The group cited the case of the "GenSan13", the leaders of various progressive groups who were 'illegally' arrested and detained in General Santos City last July 4, during a religious-related activity.
They claimed that around 70 fully armed state agents wearing bonnets, to conceal their identities, barged into the venue, armed with arrest warrants containing names that do not belong to any of the participants.
The UPLM said the warrants did not bear the signature of the issuing judge.
"The case of GenSan13 and the wholesale fabrication of false criminal charges on citizens is reminiscent of the Martial Law years of the Marcoses. Under the Marcos dictatorship, peoples' lawyers refused to cower and were not easily waylaid by the nationwide imposition of Martial Law,"the UPLM said.
Human rights group, Karapatan, recorded cases of trumped up charges filed against at least 700 individuals, mostly lumad and farmers within the two years of the Duterte administration.
Karaptan also documented at least 986 victims of illegal arrests in Mindanao since military rule was imposed last May 23, 2017 to June 30, this year.
The group said at least 95 were detained, where majority were peasants and members of the Indigenous Peoples.

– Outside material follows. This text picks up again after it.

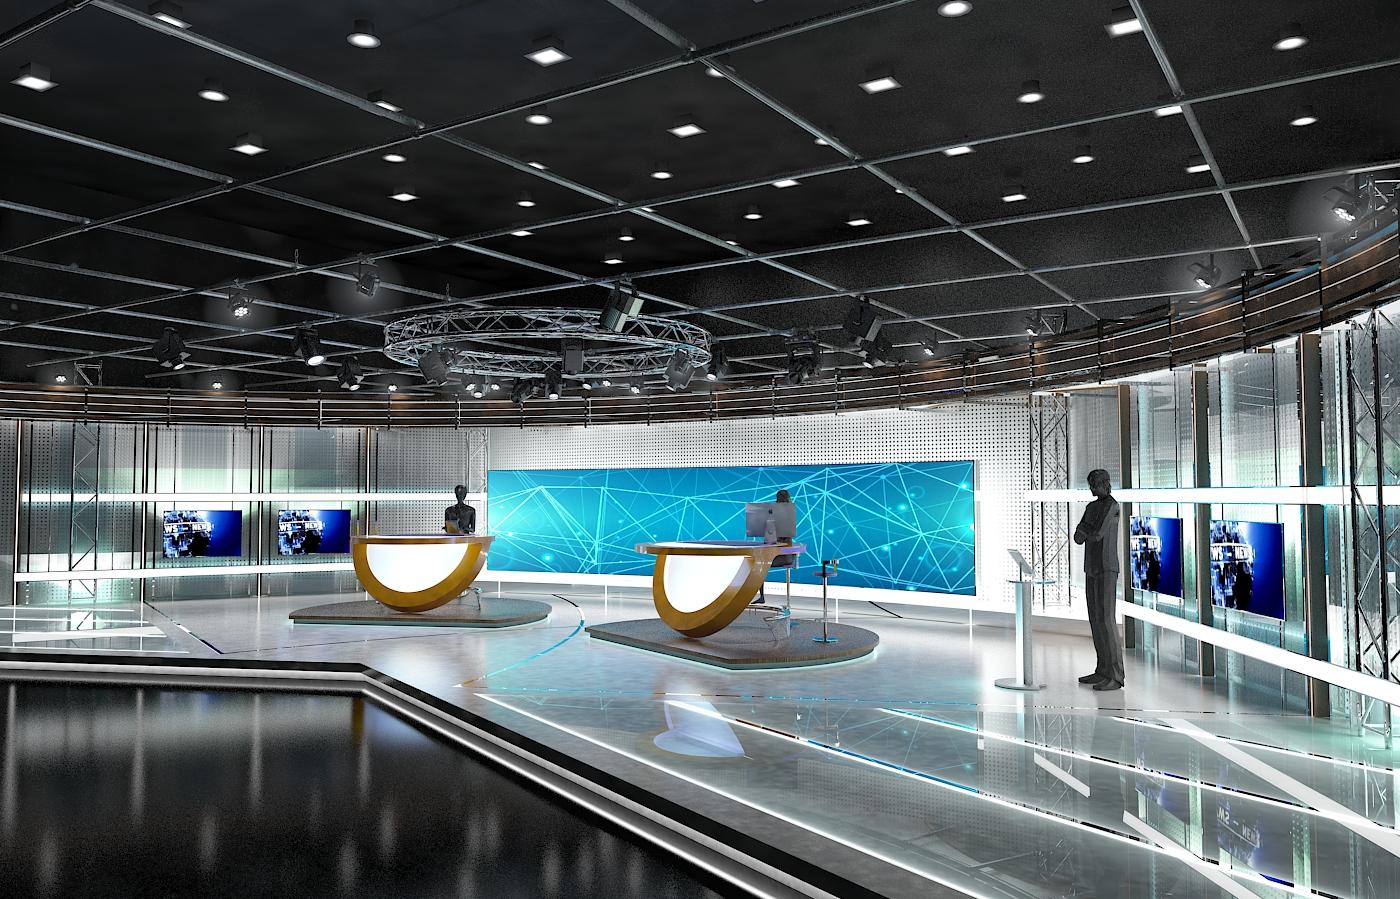 виртуал телевизийн студи цуглуулга vol 6 3d загвар max dxf dwg fbx obj 223395

The UPLM added that the marginalized sector of the society and those who work for the betterment of the poor in the community are often the "target of of state violence and terrorism by way of demonization and vilification of political dissent."
"This act of violence is an act of silencing dissent,"The UPLM said.
"Those who have less in life should have more in law. Now more than any other day must we lawyers stand ground on our oath. While the oppressed and deprived are being harassed, attacked and killed, we must leave the comfort of our offices and serve the people,"the group added.